Aerobic glycolysis is the process of converting glucose into pyruvate. Suppressing this process can influence the function of macrophages, such as cytokine secretion and phagocytosis.^68,69 Several studies have shown that the activation of M1 macrophages can lead to the transformation of metabolism from oxidative phosphorylation to aerobic glycolysis, ultimately leading to inflammatory reactions.^70,71 When the microenvironment of macrophages changes, Piezo1 on the surface is activated to transform mechanical force into Ca²⁺ influx and intracellular Ca²⁺ overload, causing changes in the immune response and metabolic state.^72,73 leng and colleagues used calcium-free medium to drain the extracellular calcium ions of different BMDMs and simultaneously administered Yoda1. ⁷⁴ The results indicated that the total levels of HIF1a (the main transcription factor that regulates the expression of glycolytic genes.) and nuclear HIF1a protein in macrophages were decreased.
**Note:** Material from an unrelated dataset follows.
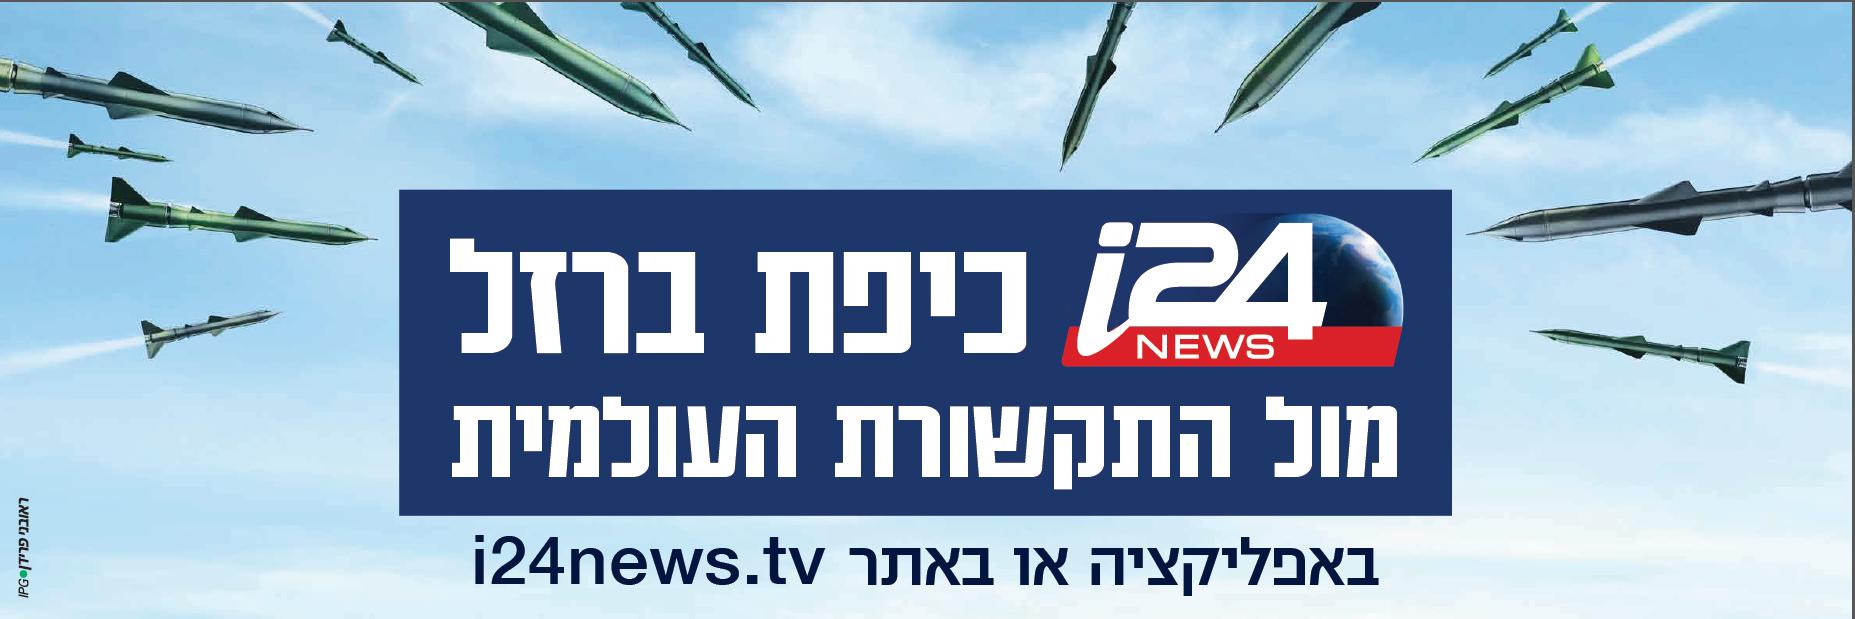 ראובני בקמפיין משולב לערוץ חדשות i24 - כיפת ברזל מול התקשורת העולמית

In contrast, the levels of aerobic glycolysis and inflammatory factor secretion decreased, resulting in a similar effect on Piezo1-deficient BMDMs and suggesting that HIF1a plays a key role in glycolysis induced by Ca²⁺.

Previous studies have confirmed that the downstream CaMKII signalling pathway induced by Piezo1 activation is involved in maintaining the stability of HIF1a.^75,76 leng and colleagues reported that LPS stimulation could significantly promote CaMKII phosphorylation and increase HIF1a levels in normal BMDMs, while treatment with KN93 (an CaMKII enzyme activity inhibitor) produced the opposite results. ⁷⁴ Blocking the translation of HIF1a in BMDMs with siHIF1a abolished the differences between normal BMDMs and Piezo1-deficient BMDMs. ⁷⁷ The results showed that when the cellular microenvironment changed, Piezo1 was activated to increase Ca²⁺ influx. Through the Ca²⁺-CaMKII -HIF1a axis, HIF1a is transferred to the nucleus, where it initiates the transcription of several glycolytic genesand ultimately leads to phagocytosis and sterilization (Figure 1).